I've often thought about doing this. I have been coding for a LONG time, and during that time I, like most programmers, have learned through others and experience that the practical lessons that are difficult or impossible to teach in more formal settings (and that includes the usual training programs that companies put their new recruits through) are much easier explained in a one-on-one setting, often at the whiteboard or through pair programming.

One of the things I've realized is that I love to teach this stuff. I'm not talking about syntax and "what is an object" and all that stuff; I'm talking about stuff like:

- Programming is simultaneously much easier and much harder than you imagine. The trick is to determine what your mind and society just convinces you is hard (before the fact) versus what ACTUALLY separates average or beginner coders from the masters.

- In anything but the smallest script or test application, architecture is EVERYTHING. But architecture is more of an art than a science. It takes more skill than most imagine to figure out what to name things, how few or how many "buckets" to construct such that current and future functionality fits in the right bucket, how to recognize when your current architecture needs to be amended or replaced, yet how to restrain yourself from designing a cathedral when all you need is a two bedroom apartment, and how to develop the discipline and leadership to keep other programmers (and yourself) within the architecture that you've laid out.

- Along the same lines, how much easier it is to code something when you have thought through the overall concepts in your head, not in the world of your favorite programming language.

- The skills you need to learn new programming languages in minutes or hours rather than days or weeks.

- It is fun and enlightening to understand what's happening at the bits, bytes, and machine code level at the same time you understand what's happening behind the layers of abstraction that your programming environment provides. By connecting concepts "all the way down", I've seen many wonderful "a-ha!" moments.

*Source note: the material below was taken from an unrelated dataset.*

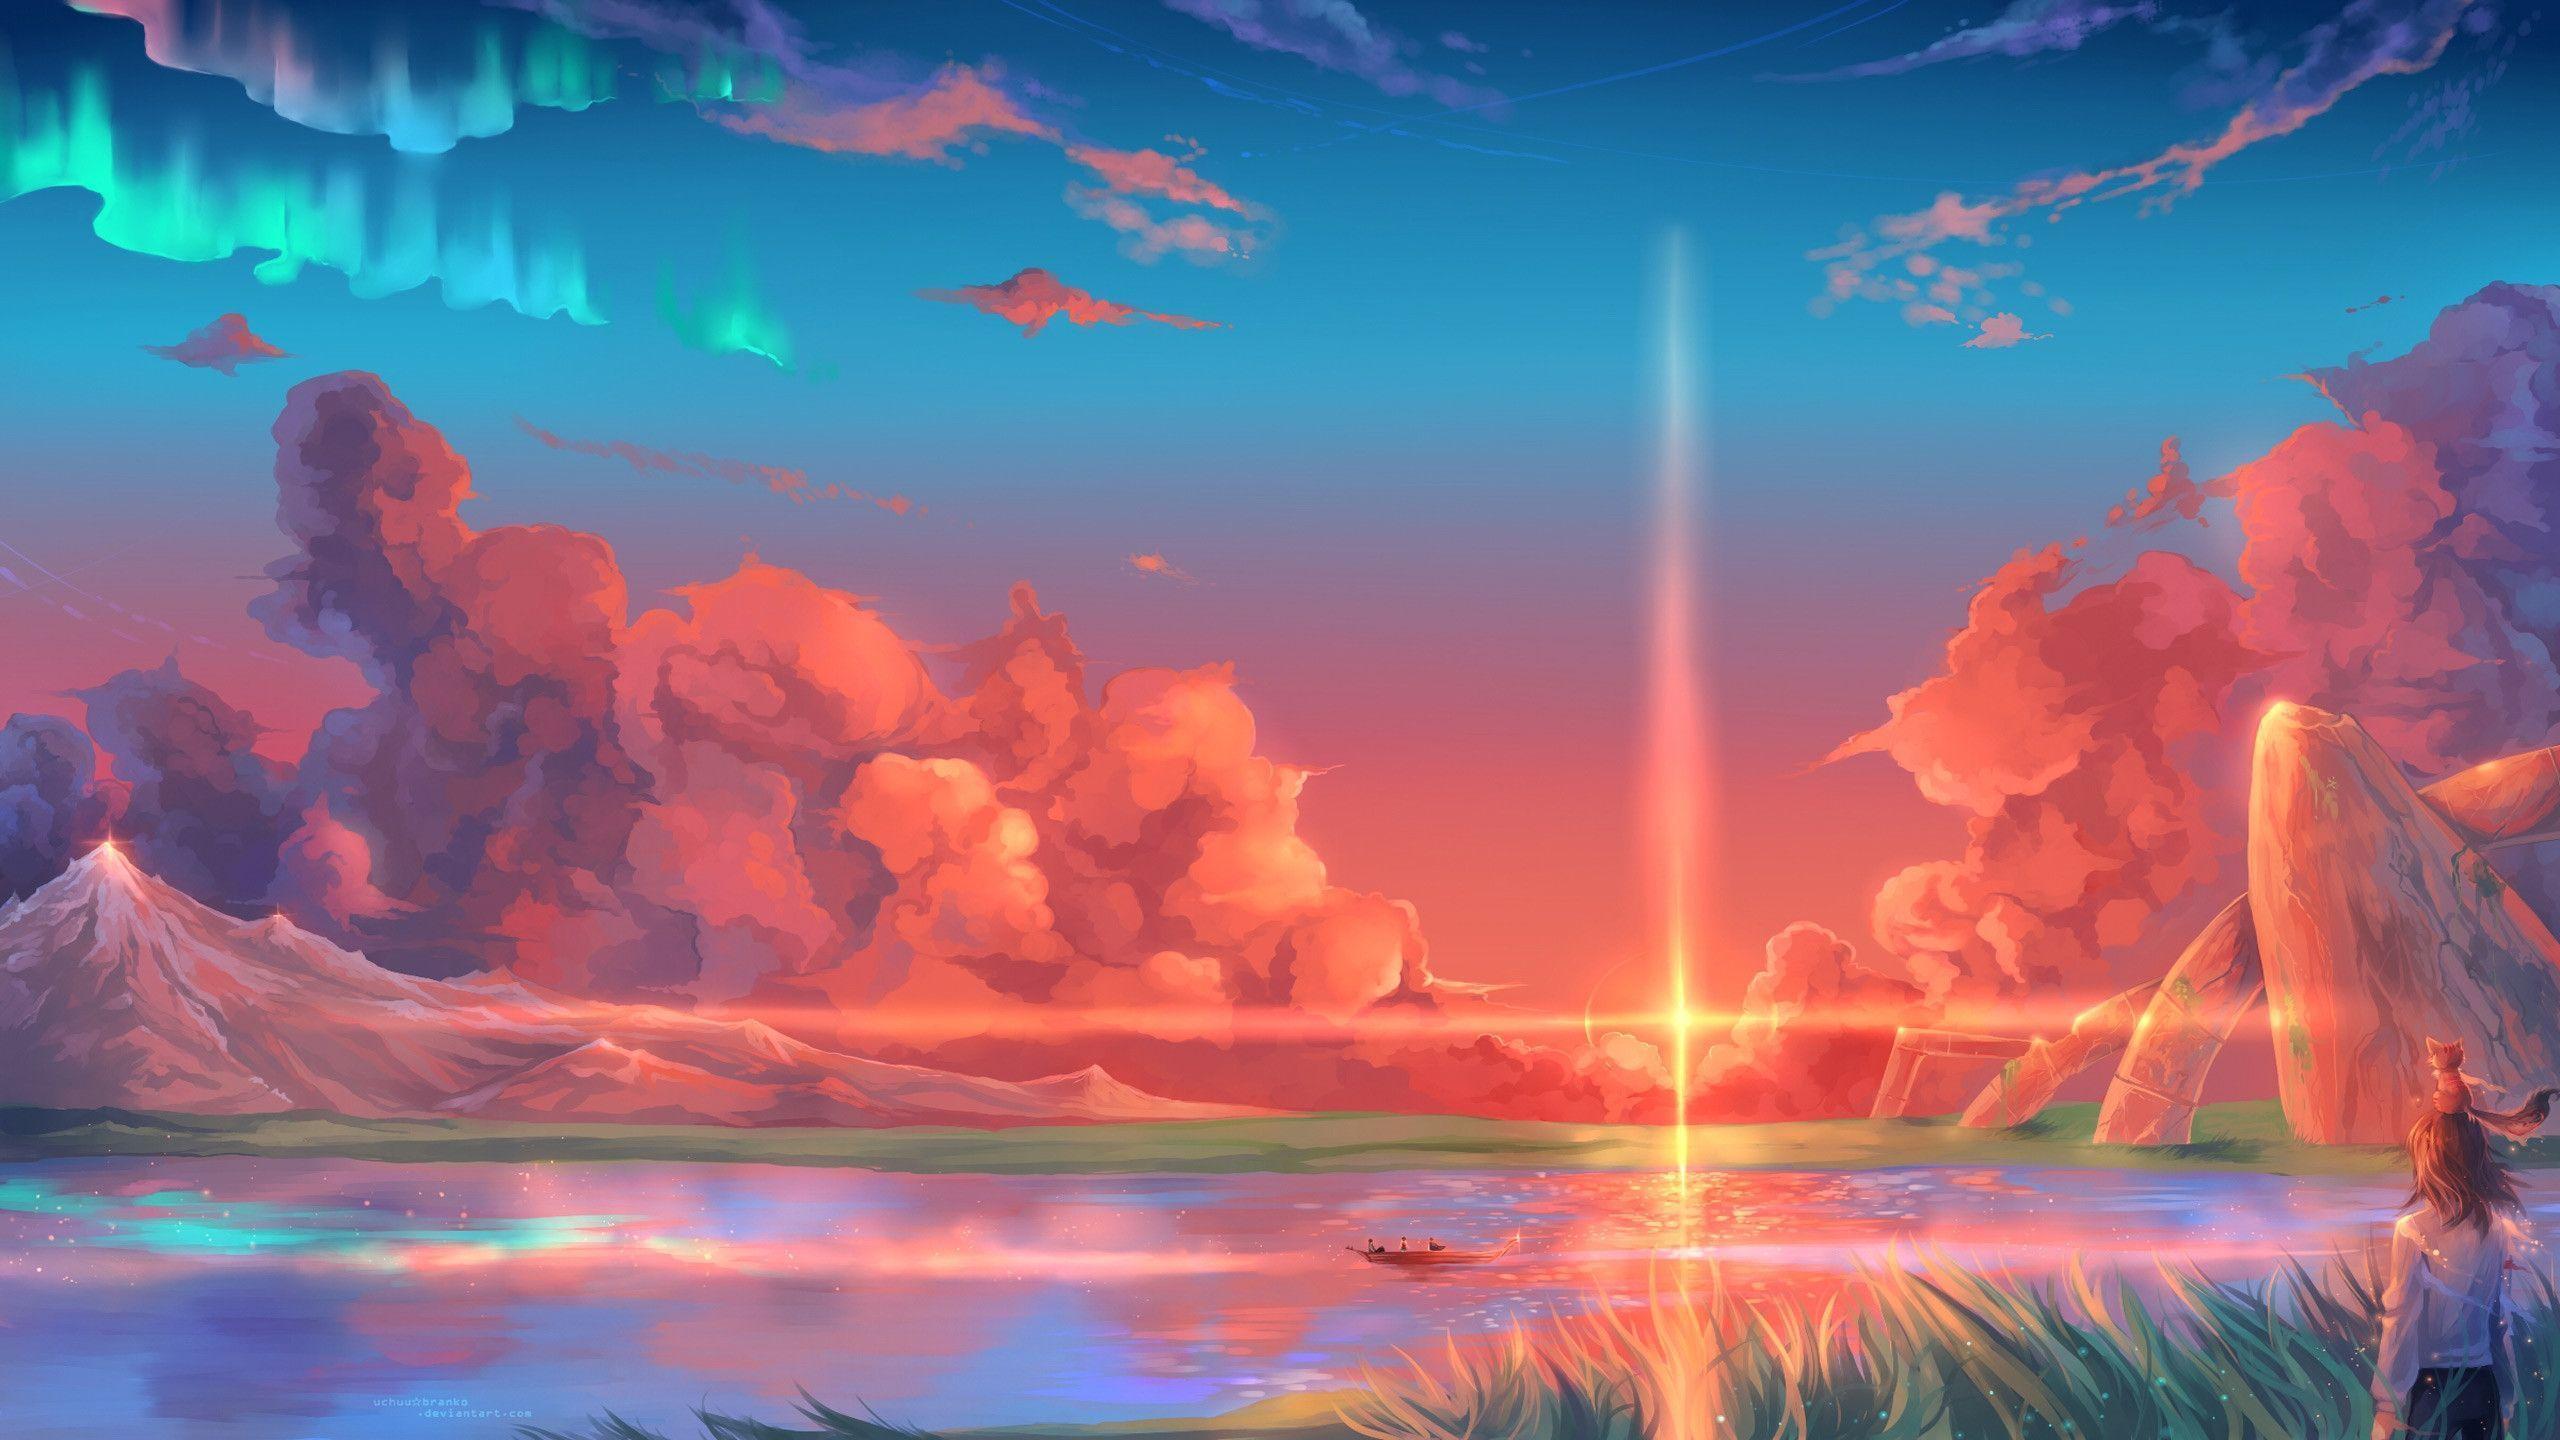 Morning Aesthetic Desktop Wallpapers Top Free Morning Aesthetic Desktop Backgrounds Wallpaperaccess

- The notion of "audience". Just as you must design your top level interface to the audience of your end-user, so must you design the layers of your code to the audience of the programmer-user who will use that layer to implement higher layers. Truly understanding that programming at each layer is about designing the best, most usable interface you can for the layer above you is, I've found, one of the quickest routes to respecting and appreciating architecture.

- The true barriers to becoming a great programmer are not often the technical ones. Things like algorithms, idiomatic coding in a certain language, database design, performance analysis, and design patterns are challenging and are worthy to learn, but they are almost unlearnable in a vacuum. When you're just getting started, the same can be said for just learning how to program at all. In my experience, you MUST have a project in mind. You can read all the "21 days" books you can find, but in the end if you don't have an idea that you just can't wait to implement, you'll be sitting there with a blinking cursor and nothing to type but the examples in your books and tutorials. I don't care if it's Space Invaders, you have to have SOMETHING in mind.

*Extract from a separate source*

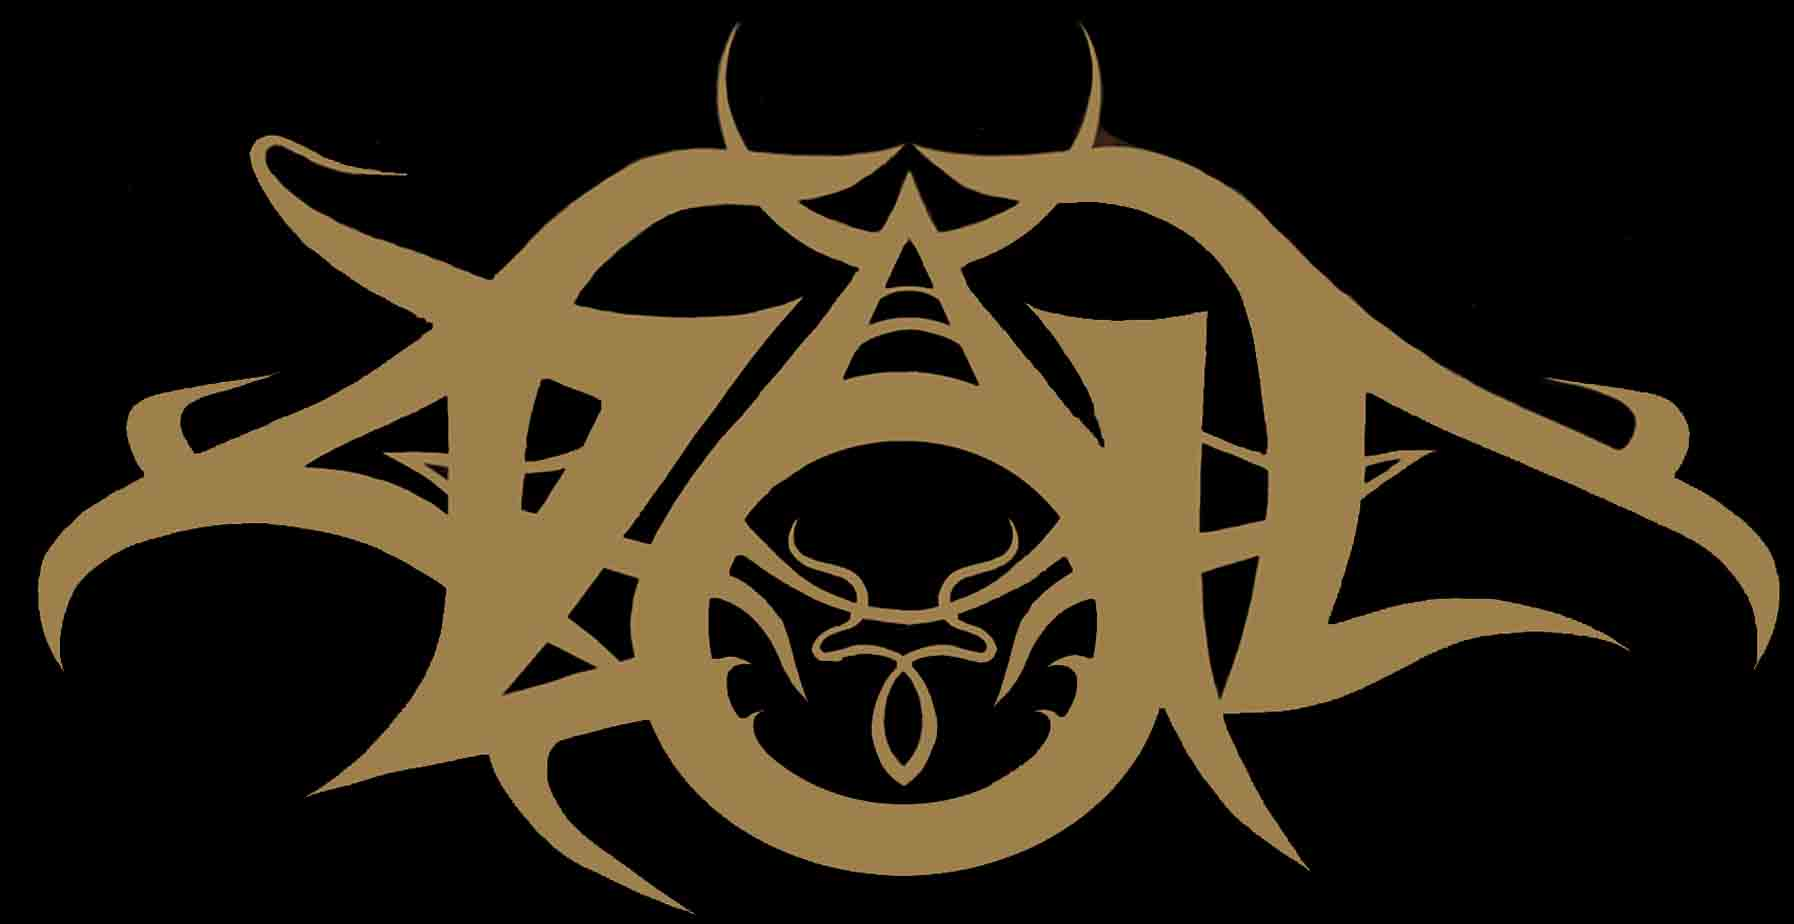 Azoic - Logo

- Debugging is often a more important skill than coding. You must be able to shake all superstitions and approach problems from a rational basis. Just like an experimental physicist, you have to learn how to form reasonable hypothesis, understand what would falsify them, and then go about doing so in a methodical fashion (in a process that often looks a lot like binary search). I still occasionally make use of fancy graphical debuggers like those in Xcode and Visual Studio, but the more I studied and mastered the art and science of the debugging process, the less I relied on those things. Nowadays, it is often faster for me to debug a problem with nothing but print statements. I also find debugging to be extremely enjoyable rather than a necessary chore. I think it's because of the "gather evidence, hypothesize, test, iterate" cycle.

- In the end, programming is the reification of "thought structures". I think this is what I find so appealing about the craft: it's the closest we have to magic. When you truly learn to create and reason about these structures in your mind and in your heart, and then learn to translate that into the magic words of your programming language, you will be on your way to becoming a master (or at least be able to create something useful of which you are proud).

As a middle aged man who has spent the last year teaching himself javascript and the prior year teaching himself basic programming concepts using C++ I can contest there is no substitute for developing a deep kinesthetic learning and having a project that drives you. I would really like to read your opinion on what exactly the skills are to "learn new programming languages in minutes or hours rather than days or weeks." Thanks for this post, it was a good read.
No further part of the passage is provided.